Still, questions like why Damien Williams started over Khalil Herbert at running back and whether or not there were more designed runs for Fields in the game will have to wait until Monday when Nagy speaks again. Tabor didn’t have any say over the offensive game plan.

“I don’t have that answer for you. I’m sorry. I’m special teaming it up during the week,” he said.

What does it all mean?

Sunday’s game felt like a lose-lose for Nagy. If the Bears played a clean game and won, Tabor would have received all the credit and it wouldn’t have decreased any of the heat on Nagy.

But a loss didn’t help either. Fields and the offense played their best game of the season without Nagy present, but the Bears are now 3-5 and found way too many ways to lose against the 49ers. Honestly, the biggest problem was the defense — they allowed seven straight scoring drives — and that falls on defensive coordinator Sean Desai.

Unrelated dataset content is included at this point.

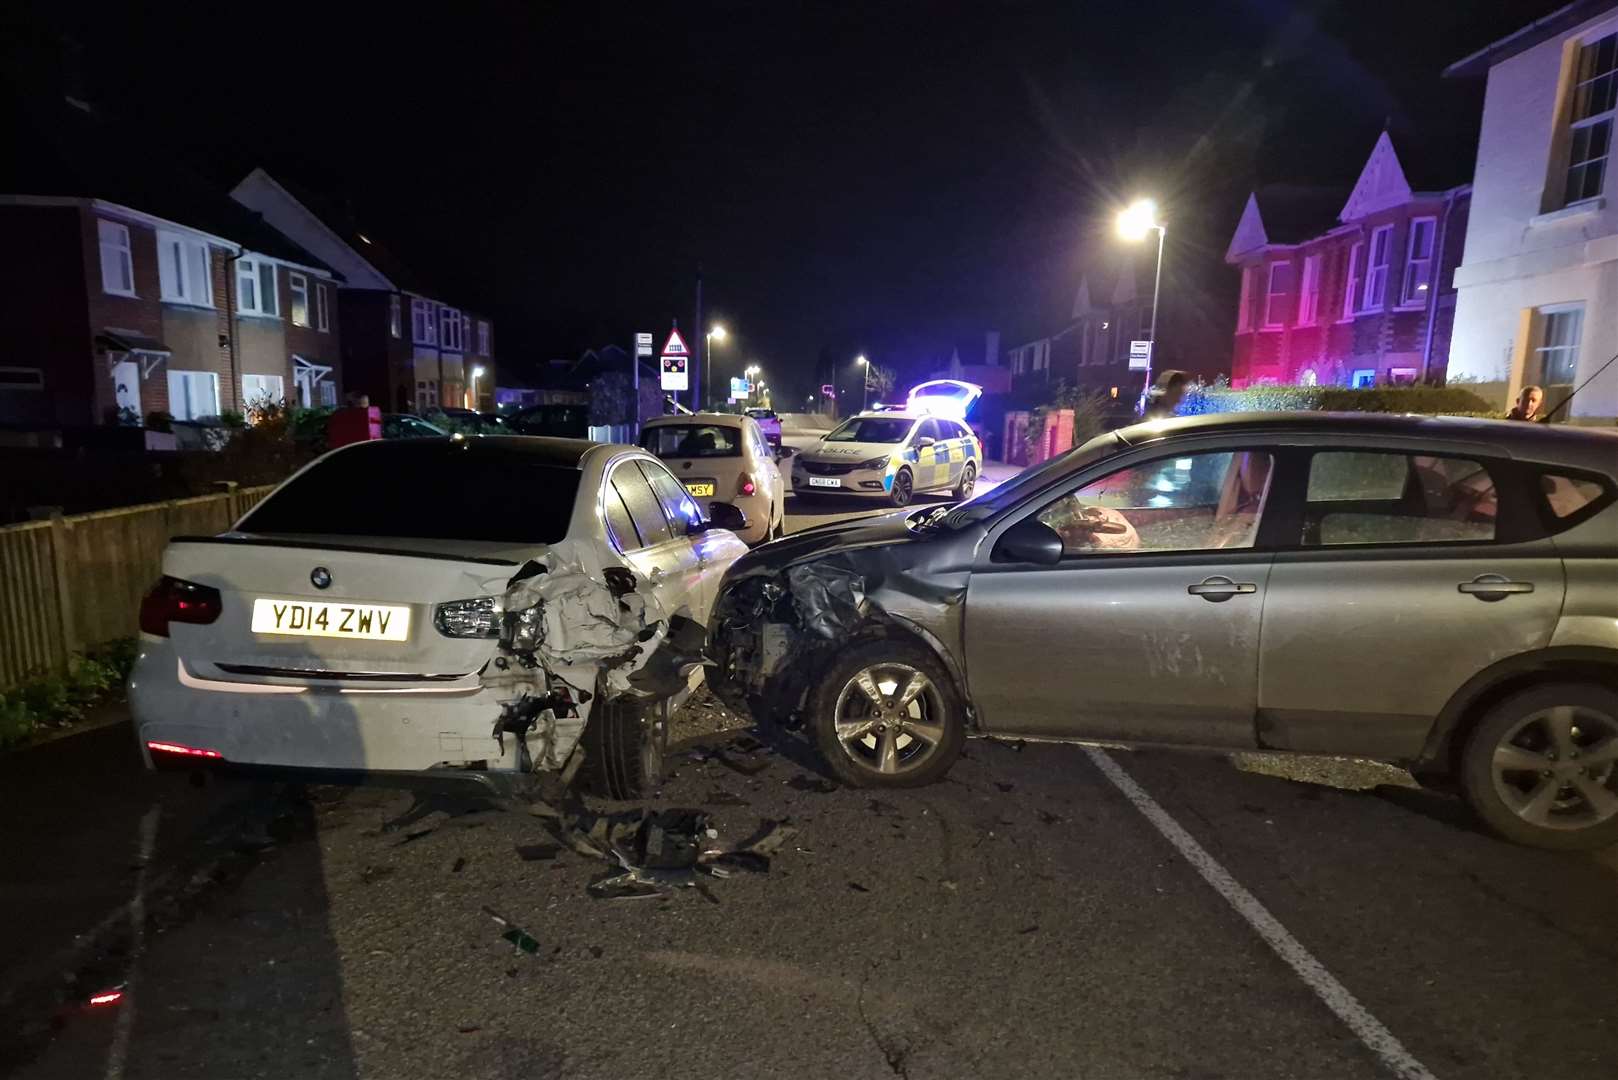 The scene of the crash in Ash Road, Sandwich. Picture: Charley Clements-Mills

In the end, Tabor seemed poised and ready for the job. If he’s ever interviewed for a head coaching job in his career, he’ll be able reference the overall experience as a positive one, despite the outcome.

“He had a nice little speech dialed up for us,” Herbert said. “But Tabes, he’s just got a lot of energy, he brings a lot of juice. He does that on special teams, and he just distributed it all through the whole team and brought a lot of energy.”

After the game, Tabor was asked if he was able to soak it all in during the game. In typical head coach fashion, he turned the attention towards the next game.

“Maybe for a second,” he said. “I told myself I’ll enjoy it and look back at the end of the year when the season is over. The focus, you move on to Pittsburgh. They’ll create problems that we’ve got to get handled. Coach asked me to step in. That’s my job and that’s what I wanted to do.”